Our theme this semester is the examination of the role of women as writers and subjects of writing, and their relationship to money and wealth (or the lack thereof). Our readings in and out of the British canon will examine various works including poetry, fiction, drama, and nonfiction as a means of questioning class and privilege from feminist and Marxist lenses (among others). Our authors include Bernard Mandeville, Jane Austen, Fanny Trollope, Oscar Wilde, and Virginia Woolf.
As a result of this course, students will: describe the development of British literature from 1660-1914; employ close reading to explain the characteristic elements of British prose, drama, and poetry, 1660-1914; identify major British authors from the eighteenth and nineteenth centuries; use key themes from British literature to examine their own values and beliefs; associate specific literary styles, themes, and genres with the period and authors that produced them; explain how critical theory and other cultural forces shape the literary canon; and describe the contribution of female, working class, and colonial/colonized voices to the development of British (and, by extension, American) national identity.
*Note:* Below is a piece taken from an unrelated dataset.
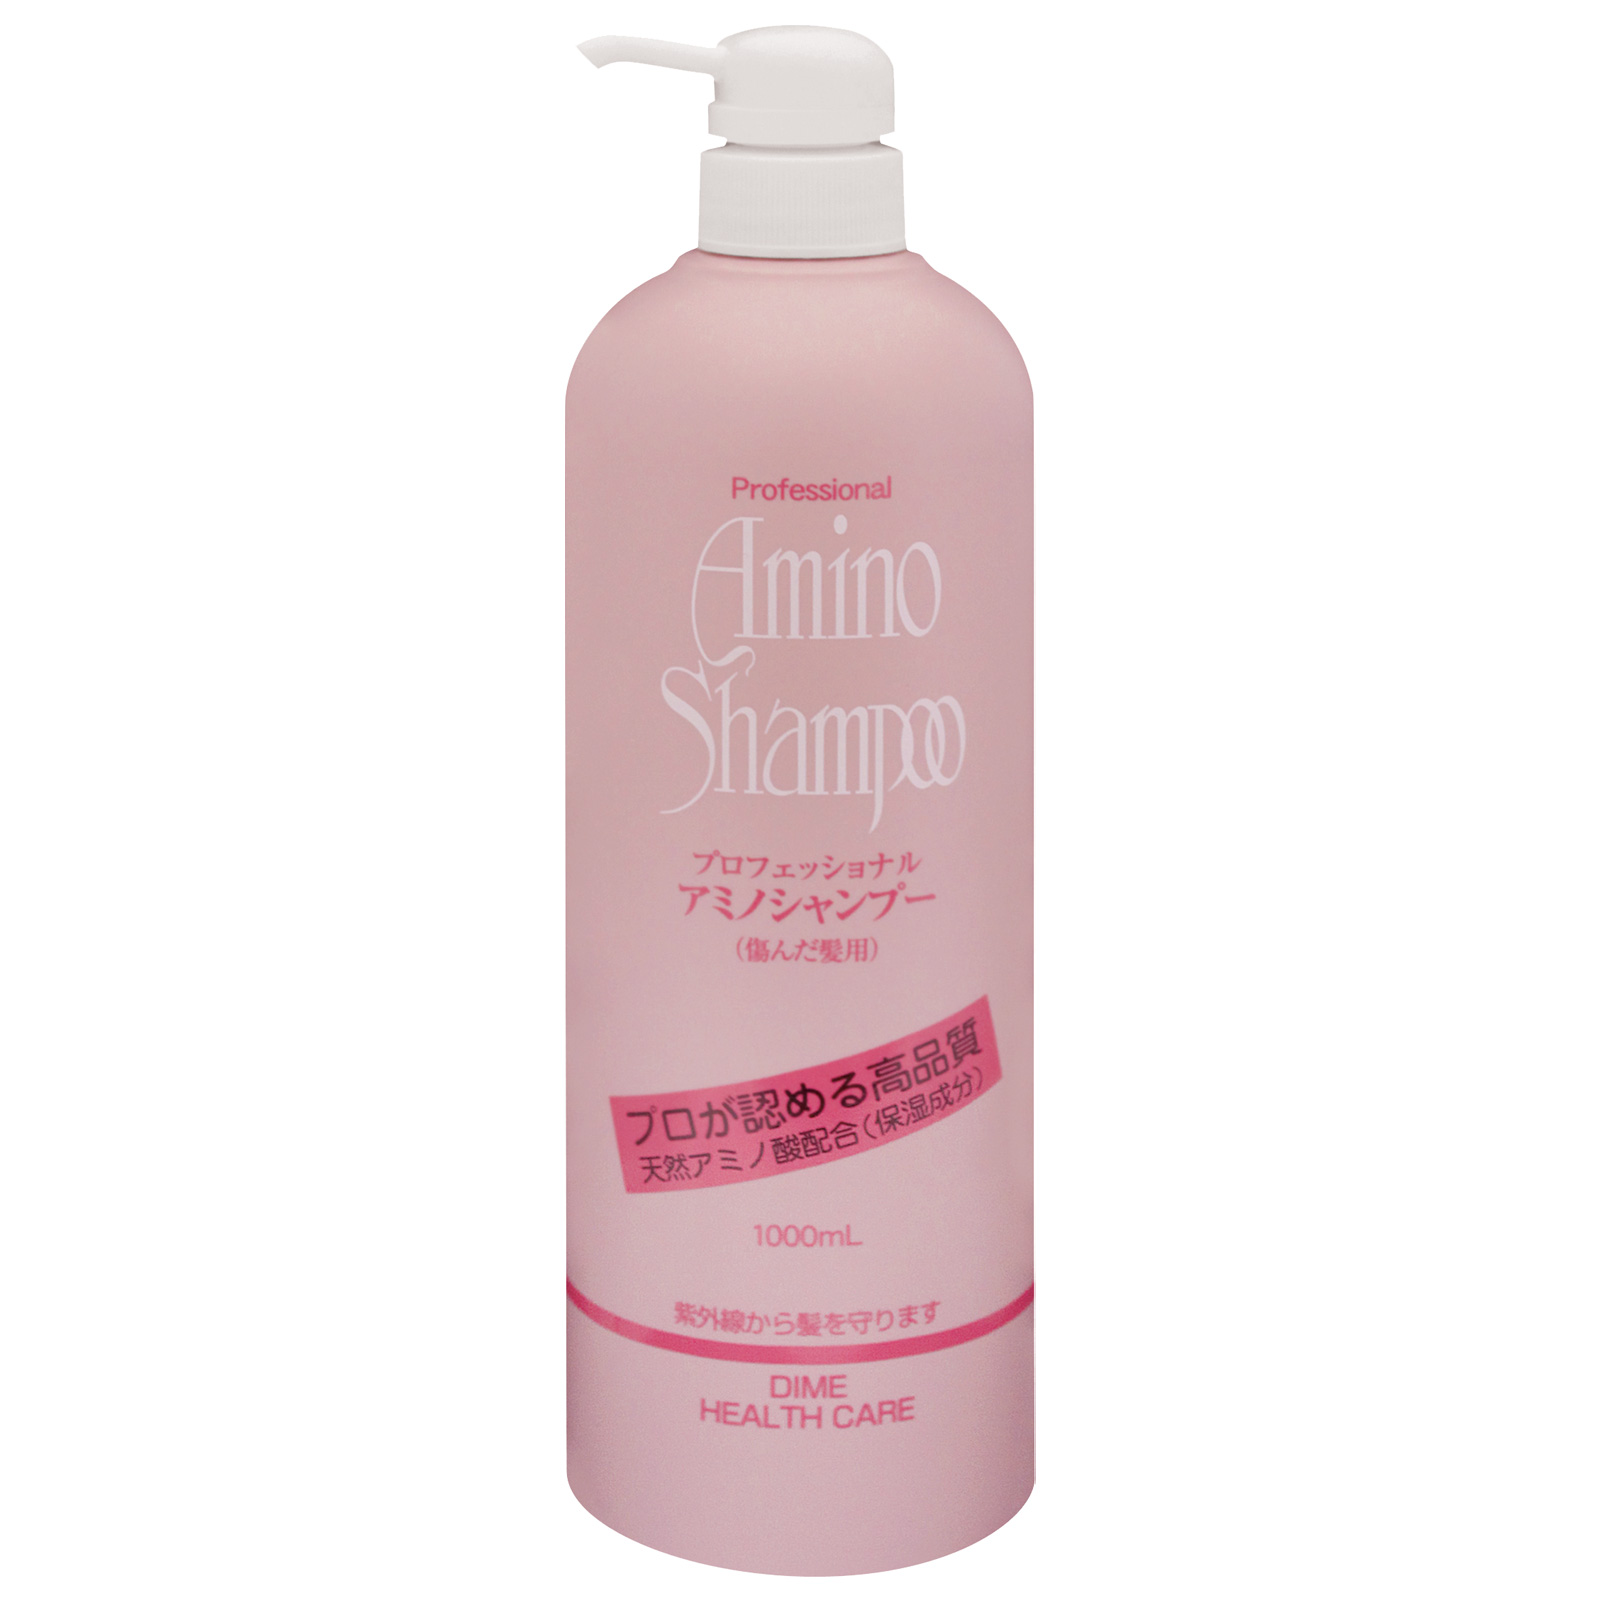 Dime Health Care. Professional Amino Shampoo. Профессиональный шампунь на основе аминокислот для повреждённых волос. 1000 мл.

Required Textbooks: The following required textbooks are available for purchase at the college bookstore.
Austen, Jane. Sense and Sensibility. Edited by Ros Ballaster. Penguin, 2003.
Mandeville, Bernard. The Fable of the Bees and Other Writings. Edited by E. J. Hundert. Hackett, 1997.
Trollope, Fanny. Domestic Manners of the Americans. Edited by Pamela Neville-Sington. Penguin, 1997.
Wilde, Oscar. The Importance of Being Earnest and Other Plays. Edited by Peter Raby. Oxford U P,
2008.
Woolf, Virginia. A Room of Ones Own. Harcourt, 1929.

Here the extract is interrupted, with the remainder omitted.